The Cabal ministry or the CABAL  refers to a group of high councillors of King Charles II of England, Scotland and Ireland from 1668 to .

The term Cabal has a double meaning in this context. It refers to the fact that, for perhaps the first time in English history, effective power in a royal council was shared by a group of men, a cabal, rather than dominated by a single "favourite". The term also serves as the acronym "C-A-B-A-L"  for the names of the five Privy Councillors (Clifford, Arlington, Buckingham, Ashley, and Lauderdale) who formed the council's Committee for Foreign Affairs.

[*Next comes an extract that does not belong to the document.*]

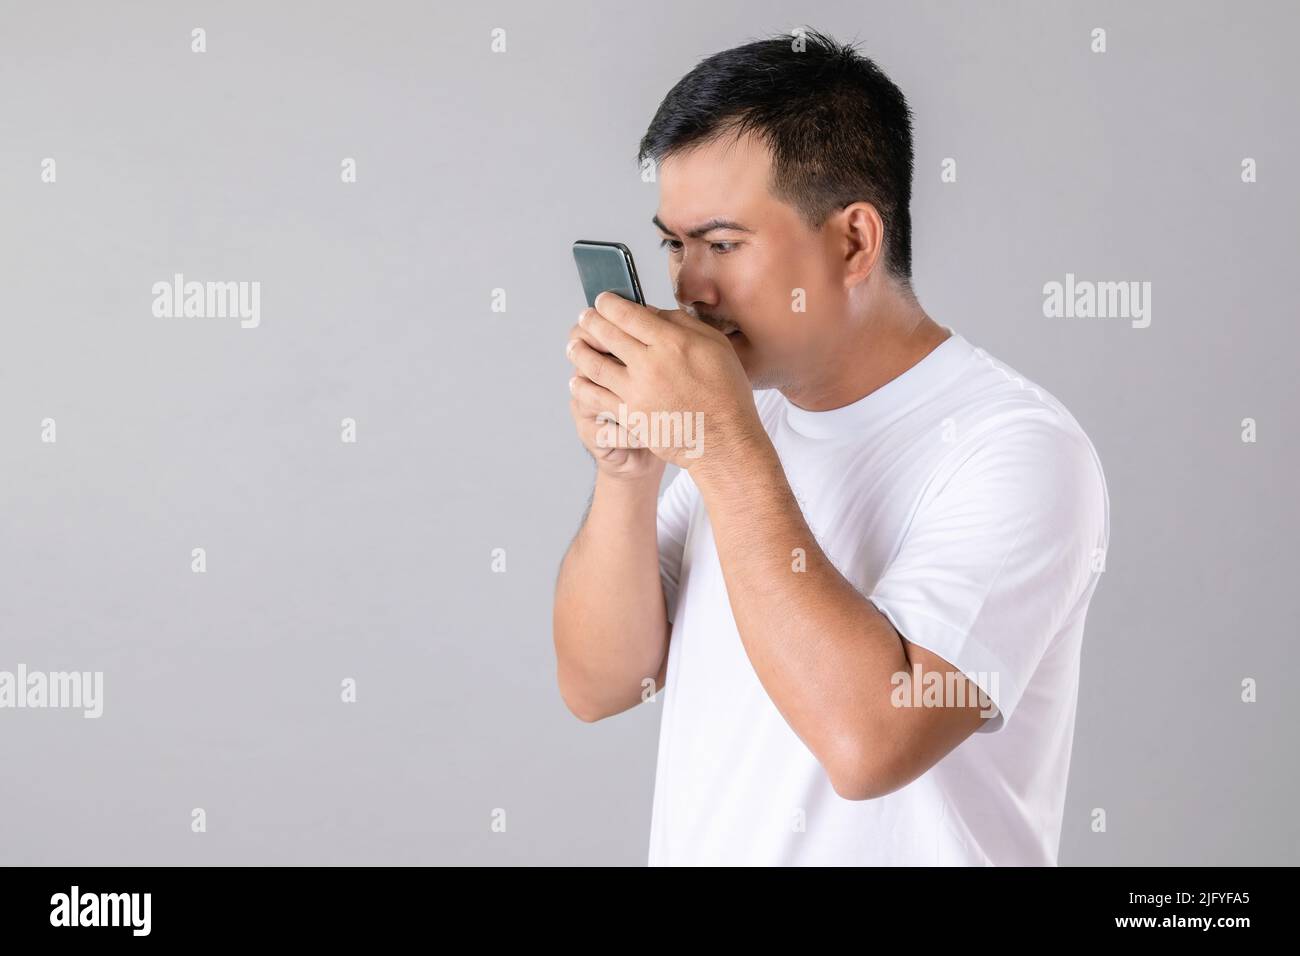 Kurz- oder Weitblick Konzept : Mann versucht, näher auf dem Smartphone im Studio auf grauem Hintergrund aufgenommen zu suchen Stockfoto

Through the Foreign Affairs committee and their own offices, the five members were able to direct government policy both at home and abroad. The notion of an organised group in government, as opposed to a single royal favourite holding clear power, was seen by many as a threat to the authority of the throne. Others saw it as subverting the power of the council or of Parliament, whilst Buckingham's close relationship with the king made the Cabal unpopular with some reformers. The title "Cabal" resulted from the perception that they had conspired in Clarendon's fall and prosecution, and in its increasingly secretive conduct of government, and was helped by the fact that the initial letters of their names could be arranged to form CABAL as an acronym. However, there were sharp ideological divisions among the five, ranging from the Parliamentary idealism of Ashley to the autocratic absolutism of Lauderdale.

Membership and rise 

Following the end of Clarendon Ministry in 1667, in a cloud of accusations of incompetence and corruption, the conduct of the government of Charles II fell to a loose coalition of energetic young ministers, the "Cabal".

The linchpin of the Cabal was probably George Villiers, Duke of Buckingham. Although he only held the household office of Master of the Horse, with responsibility for overseeing the King's travel arrangements, Buckingham was a long and close associate of King Charles II, having been practically raised together since they were children, during the close association of their fathers, Charles I and the first Duke of Buckingham, a relationship they consciously compared themselves to in adulthood, and might have replicated had the younger Buckingham possessed the skills of his father. Nonetheless, Buckingham was in constant contact with and a clear favourite of the king, and the centre of the Cabal's grip on power. Gilbert Burnet, who knew some of its members personally, said that Buckingham stood somewhat apart from the rest of the Cabal, hating them and being hated in return.

The Lord High Treasurer Wriothesley having died just before Clarendon's departure, the Treasury went into commission in 1667, under the nominal chairmanship of George Monck (Duke of Albemarle). But as Monck was practically retired from public life, control of the Treasury commission was taken up by Sir Thomas Clifford (Comptroller and soon Treasurer of the Household) and Anthony Ashley Cooper (Chancellor of the Exchequer). With the assistance of their close associates John Duncombe (Ashley's deputy at the Exchequer), Stephen Fox (the Paymaster of the Forces) and notably Sir George Downing, the highly capable secretary to the Treasury commission, Clifford and Ashley overhauled the monarchical finances, placing them in a much more solvent state than before.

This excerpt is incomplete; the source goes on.